Building a model that captures real-world complexity
Earlier models often treated the stimulated region and the fractures as having uniform properties, which glosses over the messy reality seen in field measurements. In practice, fracture pathways vary strongly in their ability to transmit gas: proppant grains are unevenly placed, some fracture segments pinch off, and pressure changes can squeeze fractures closed. To capture this, the researchers allow permeability to change continuously along fractures and within the SRV rather than assigning a single constant value. They draw on advanced mathematical tools – including pseudo-pressure, stress-sensitive permeability terms, and perturbation methods – to obtain analytical solutions that still run efficiently on a computer. The result is a “multi-scale, multi-zone” description that can reproduce fine details of how pressure waves move and how production declines over time.

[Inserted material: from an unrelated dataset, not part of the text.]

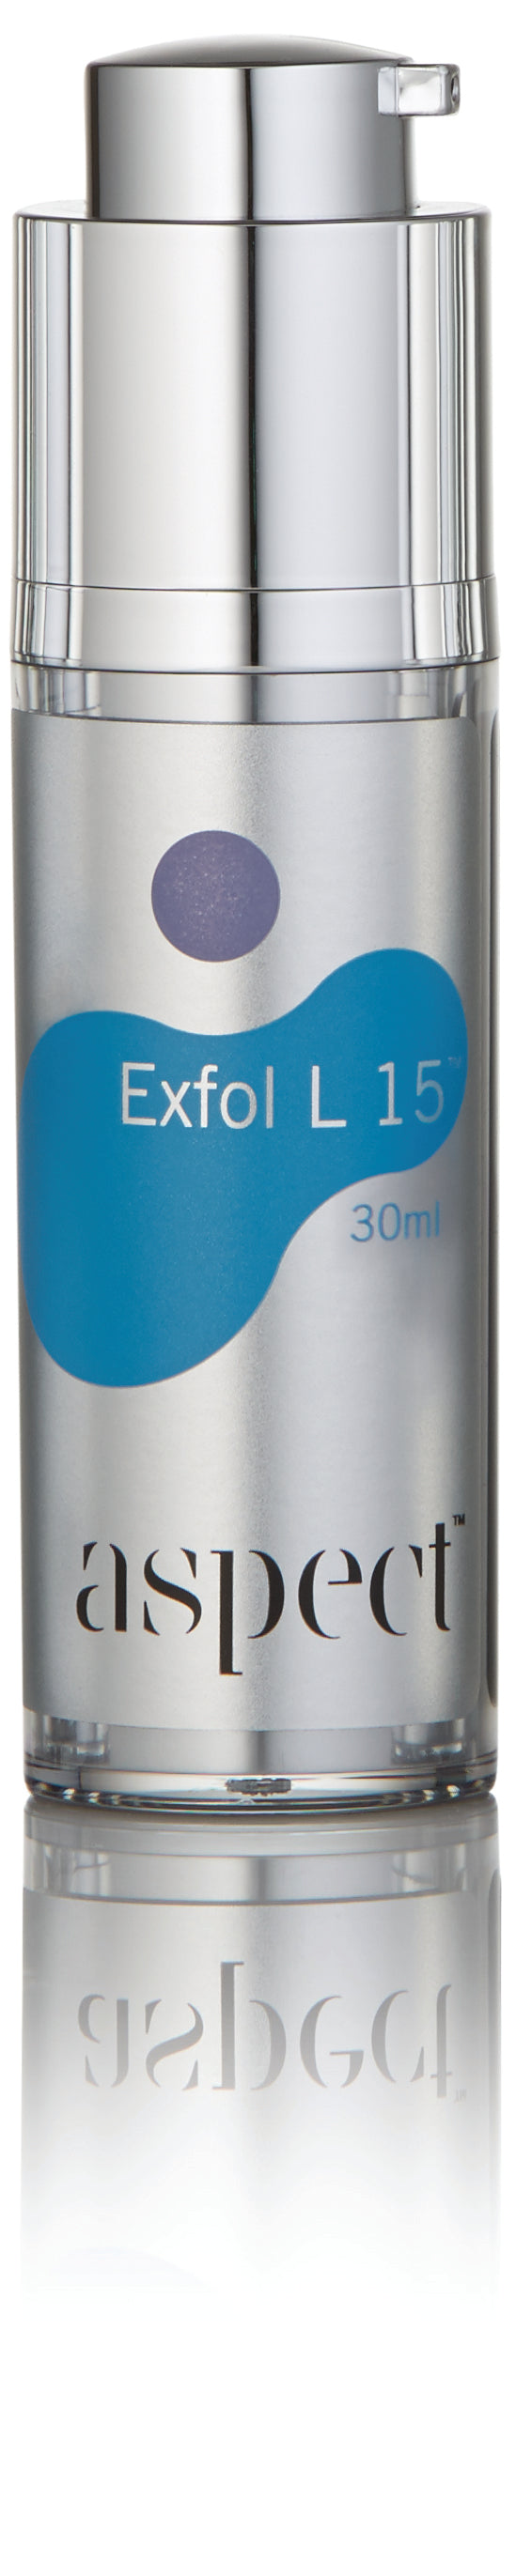 Exfol L 15 30ml

What controls how far the rock actually drains
With the model in hand, the team explores which rock and fracture properties matter most for long-term production. They find that the permeability of the tight matrix – the background shale away from the main fracture network – is a key control on how far pressure can reach and how much gas can ultimately be drained. Higher matrix permeability lets pressure changes travel farther, increasing the effective drainage distance and sustaining production. Permeability in the SRV also matters: higher values expand the drainage area, while very low SRV permeability delays the onset of matrix flow and shrinks the final drained region. In contrast, simply extending fractures to be much longer brings diminishing returns; beyond a certain length, making fractures longer does little to increase how much of the reservoir can actually contribute gas.
How damage and uneven fractures reshape output
The study also examines how “damage” along hydraulic fractures and uneven properties in the SRV change production curves. If the fracture is blocked near the well (“root damage”), initial gas rates plunge because flow into the well is choked from the start. If damage occurs mainly near the fracture tips, early production looks relatively healthy but declines faster later on as distant rock is poorly connected. Likewise, SRV regions with gently varying permeability act much like a uniform medium, but sharp drops in permeability cause noticeable losses in mid- to late-stage production. These results suggest that protecting fracture conductivity near the wellbore and avoiding strong bottlenecks in the stimulated rock are crucial for both high early rates and stable long-term output.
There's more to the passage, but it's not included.